→ **YOUR GOAL**:
In the records below, find the line containing "Ebin New York", then copy that line and all lines after it, exactly, omitting every picture.
--- SOURCE RECORDS ---
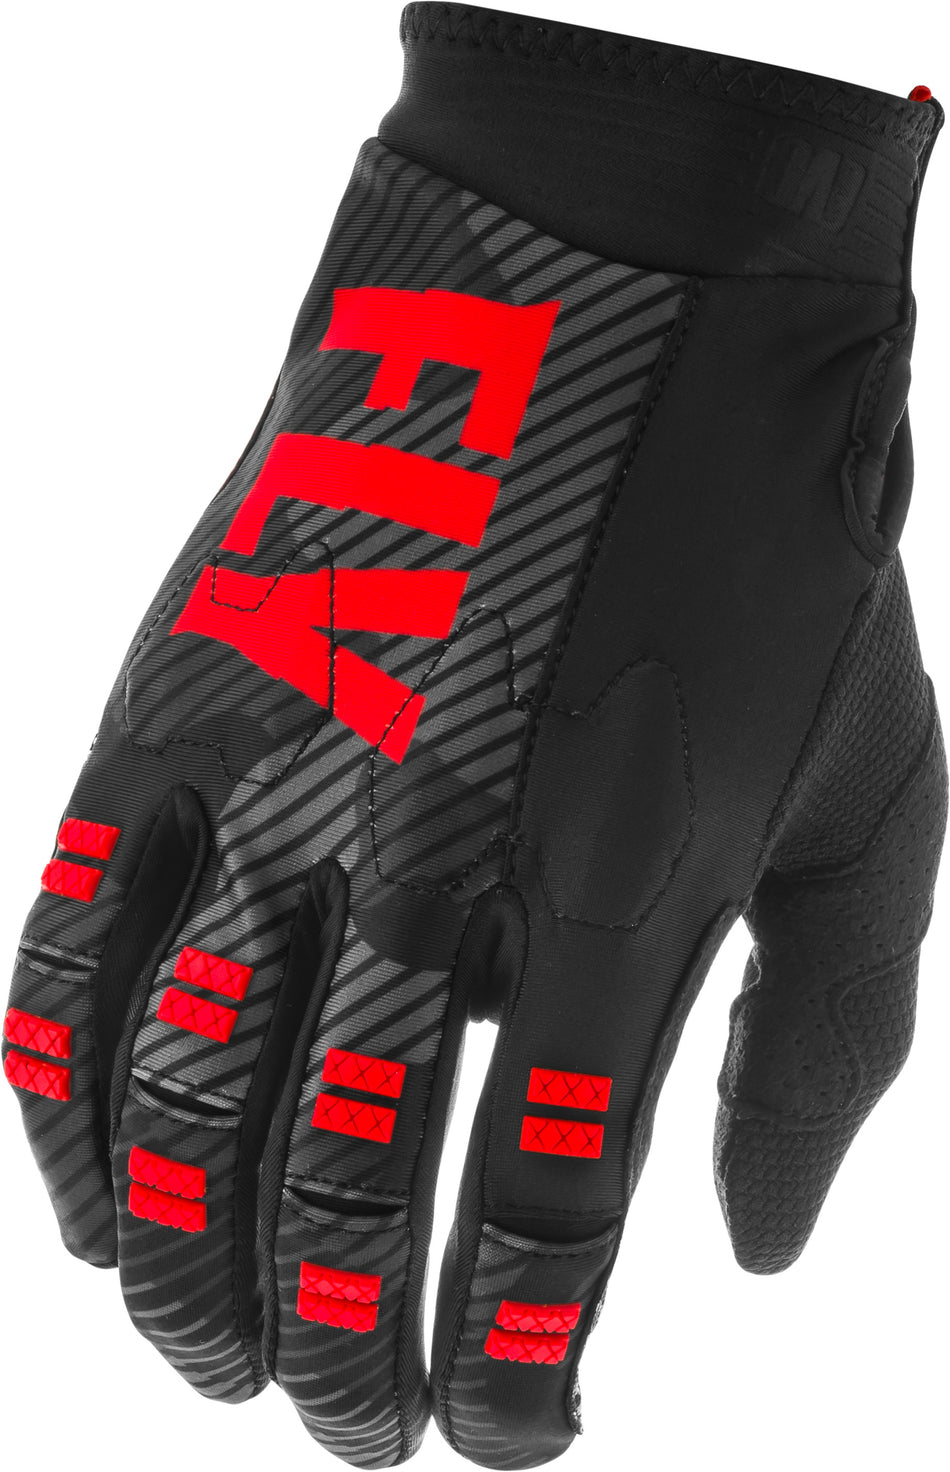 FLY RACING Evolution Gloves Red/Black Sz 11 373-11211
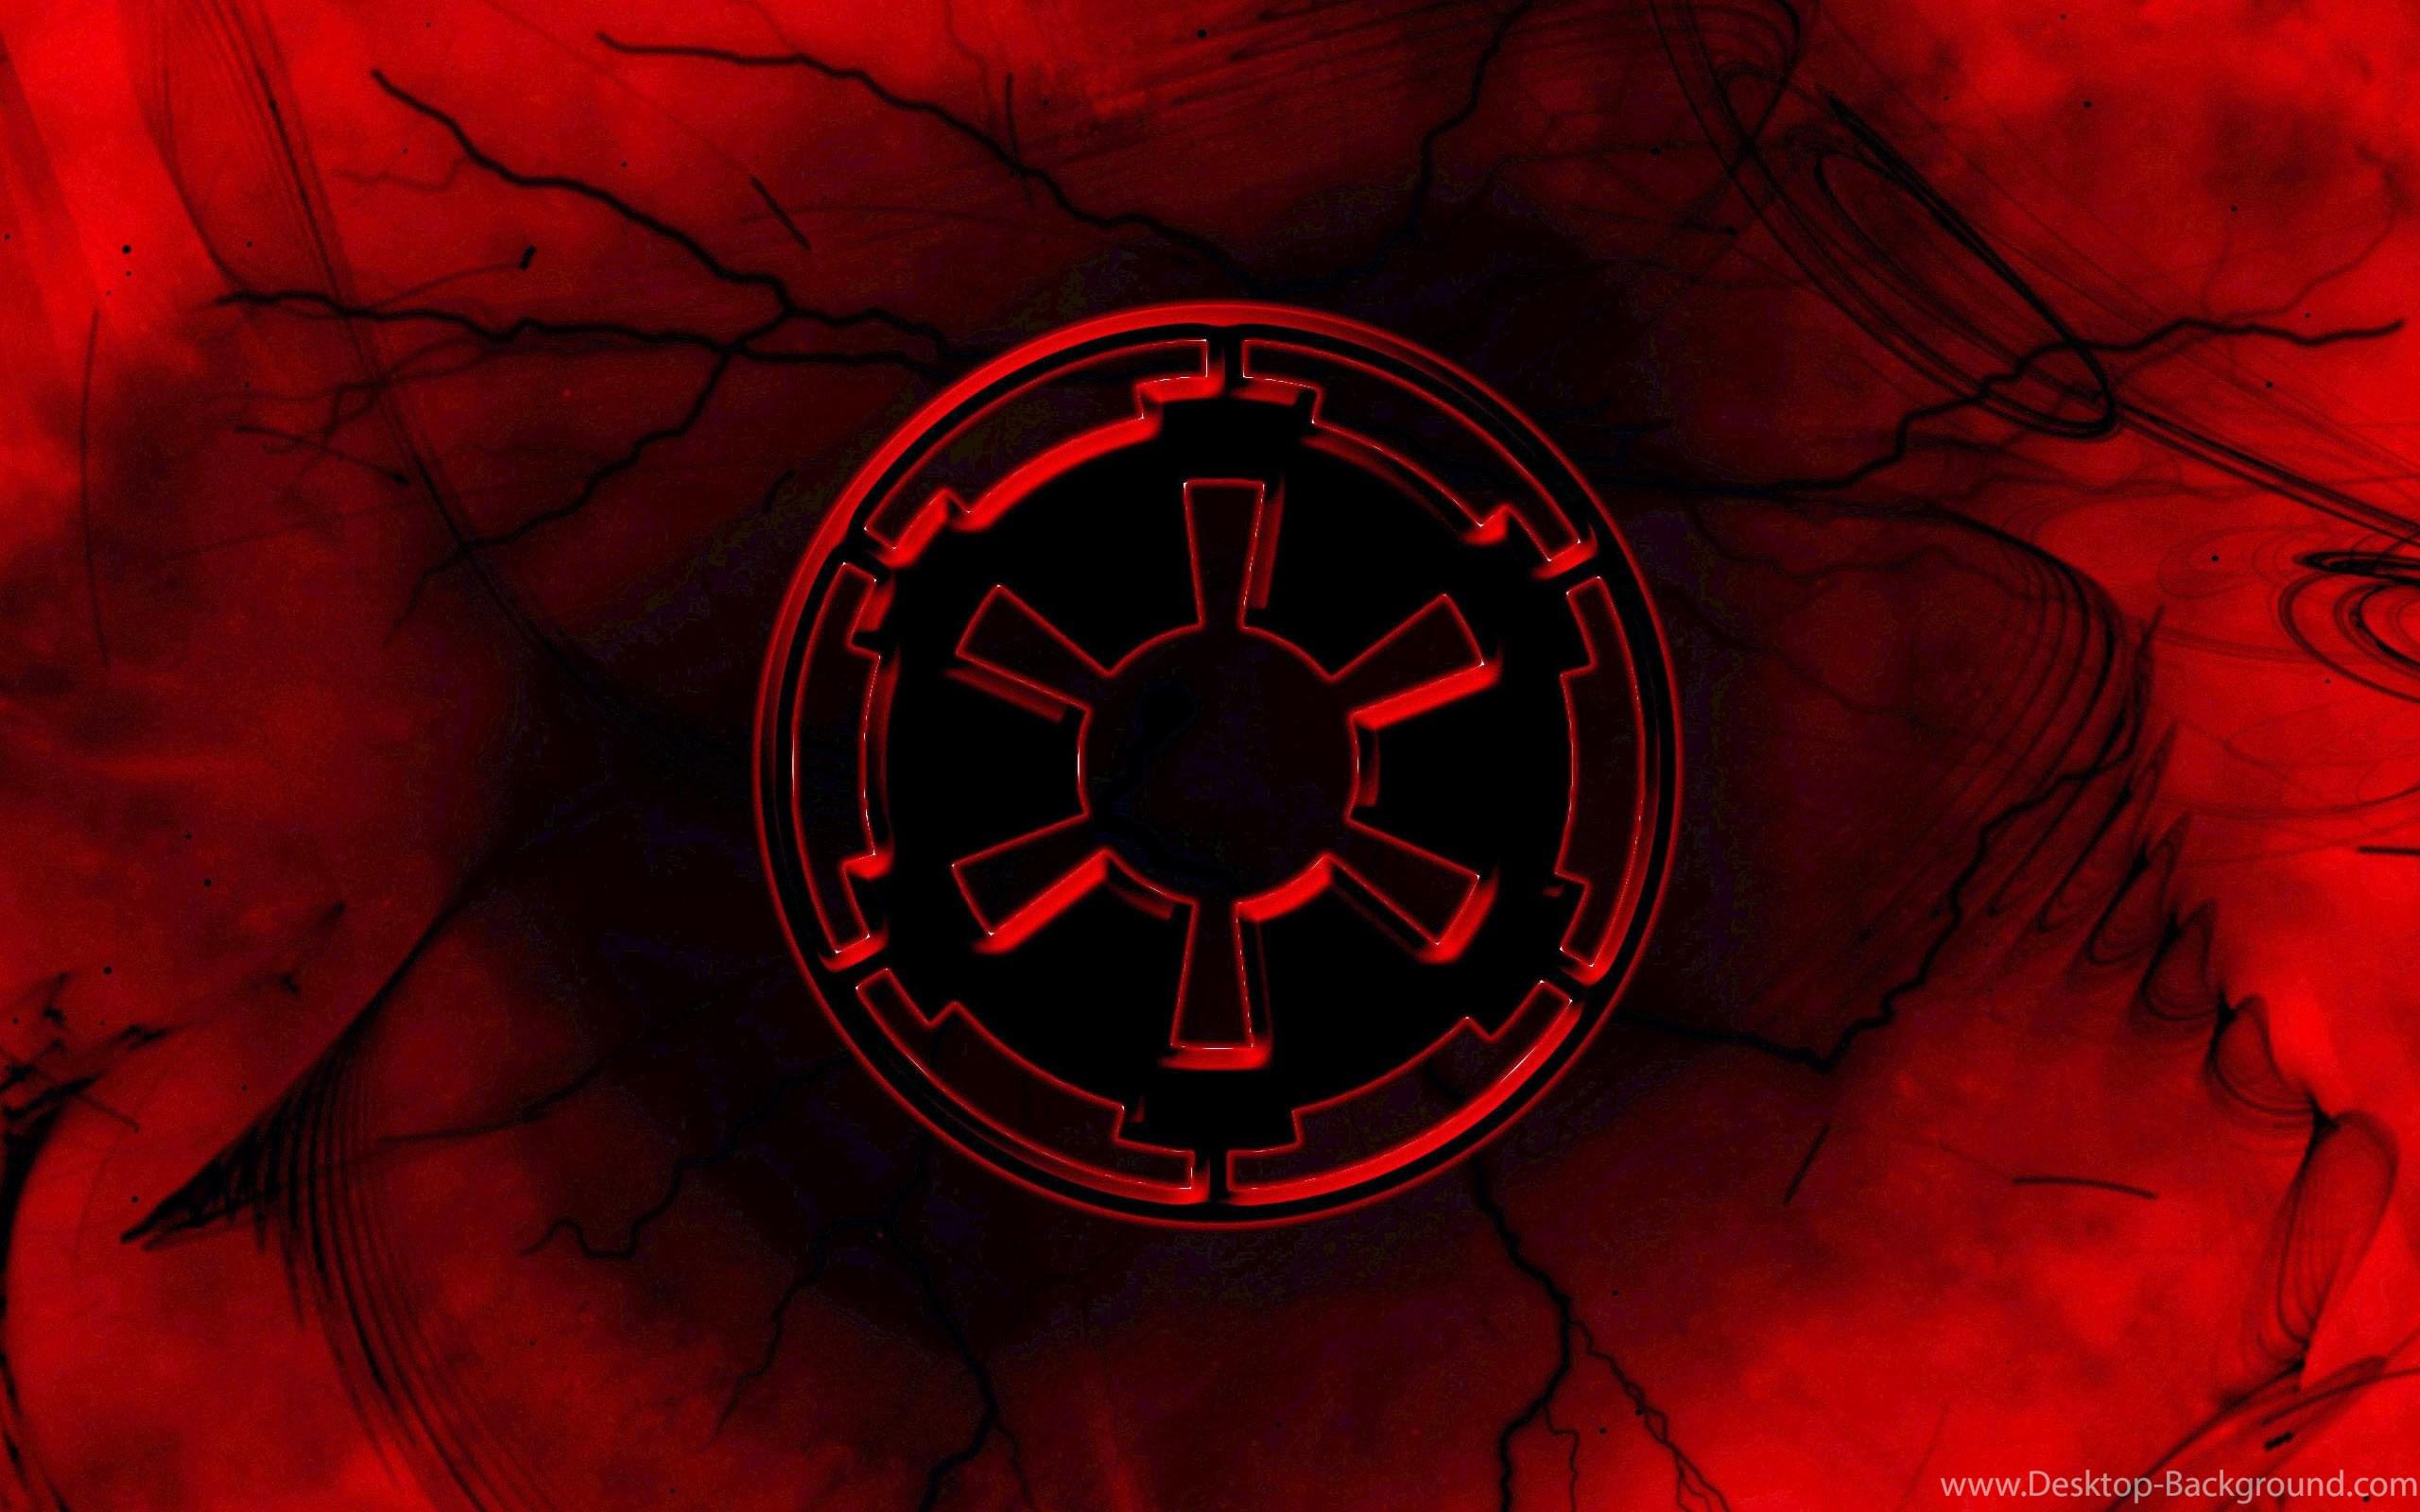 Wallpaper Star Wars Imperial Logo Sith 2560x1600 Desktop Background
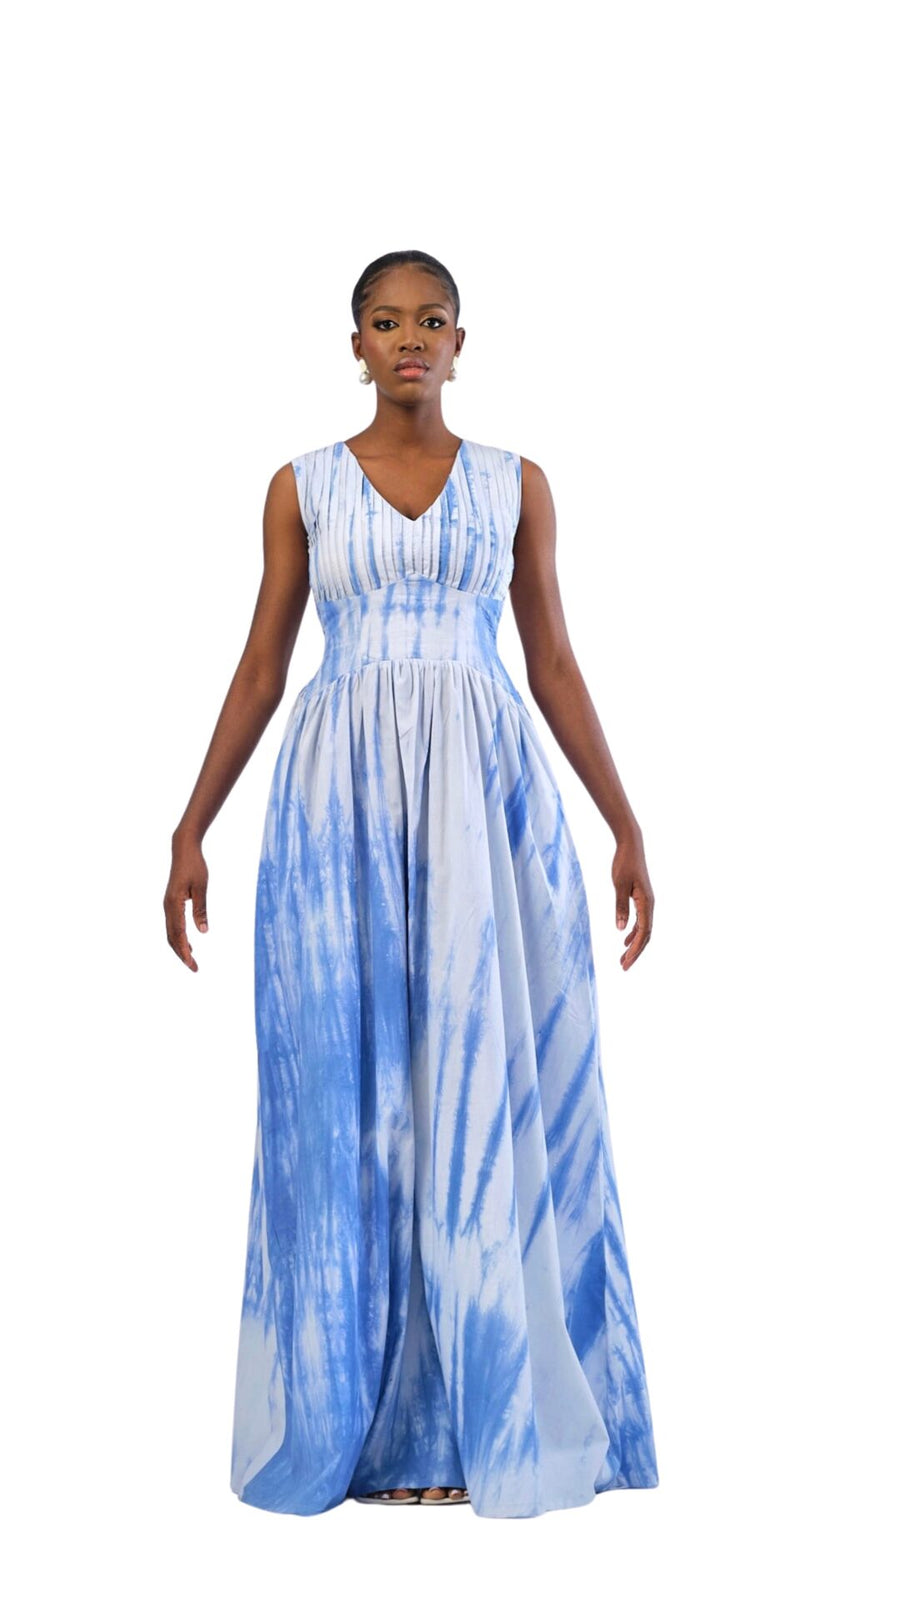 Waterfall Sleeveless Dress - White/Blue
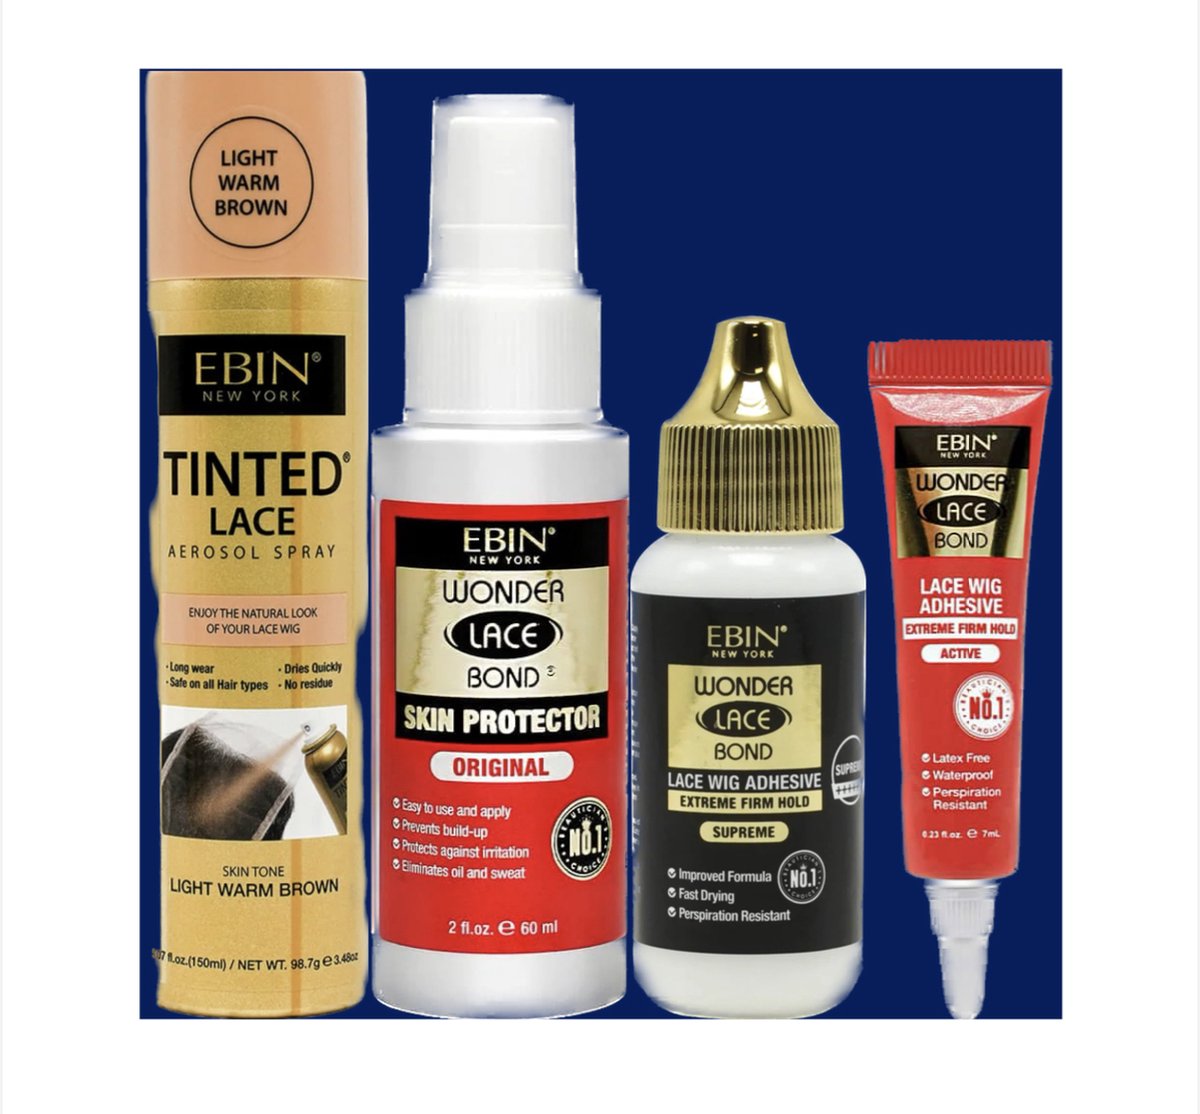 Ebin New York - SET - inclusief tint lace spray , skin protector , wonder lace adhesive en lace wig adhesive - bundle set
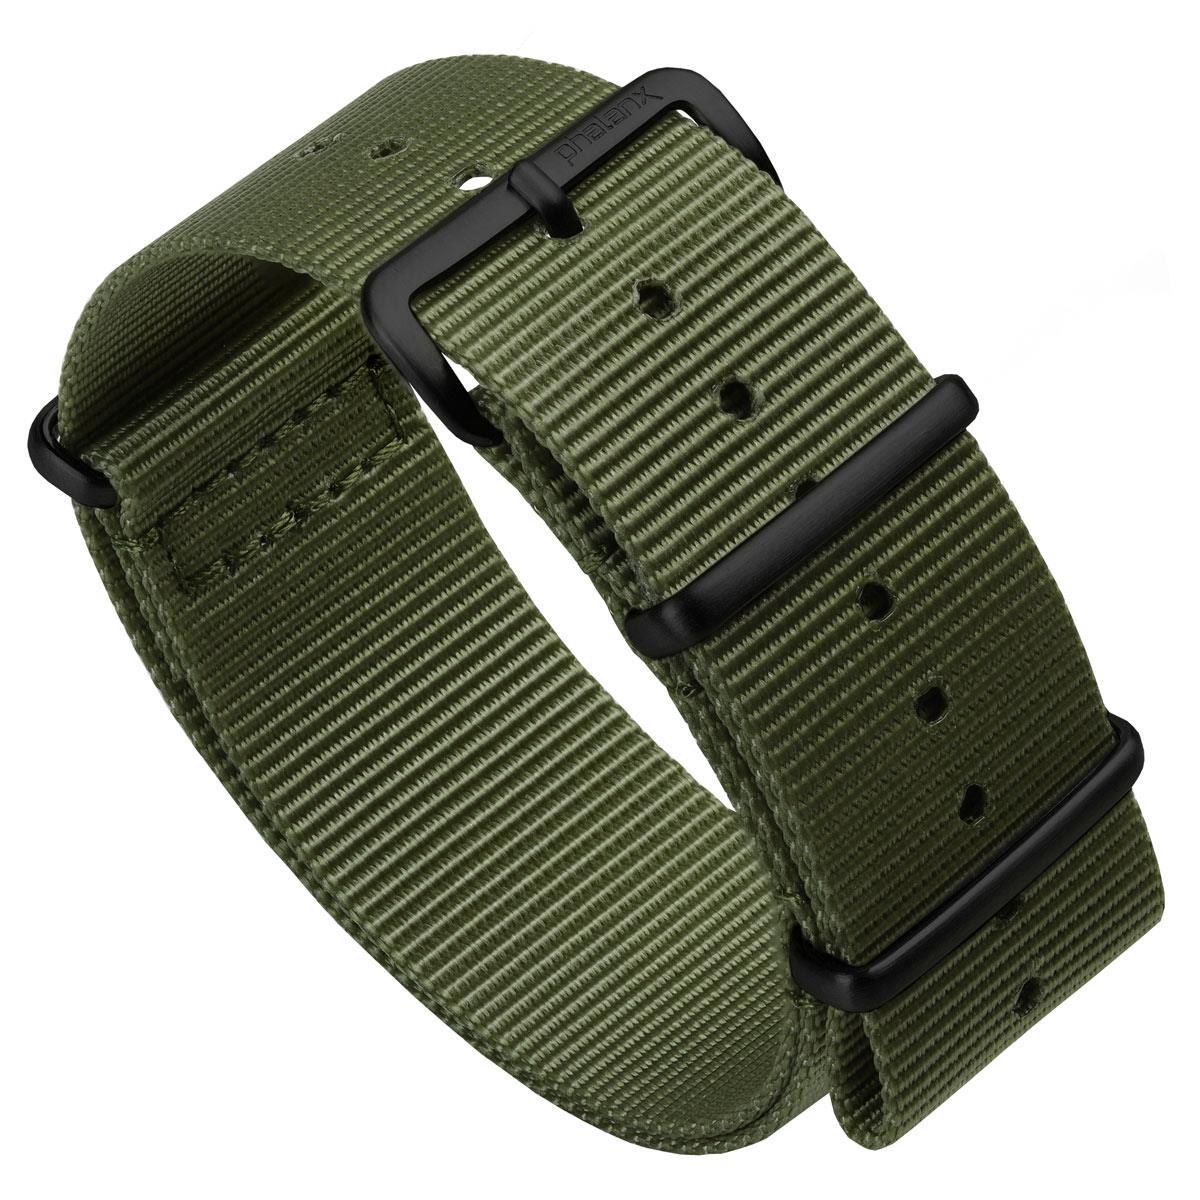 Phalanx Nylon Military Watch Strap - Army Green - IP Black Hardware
---
→ **PROBLEM SOLUTION**:
 Ebin New York - SET - inclusief tint lace spray , skin protector , wonder lace adhesive en lace wig adhesive - bundle set
 Phalanx Nylon Military Watch Strap - Army Green - IP Black Hardware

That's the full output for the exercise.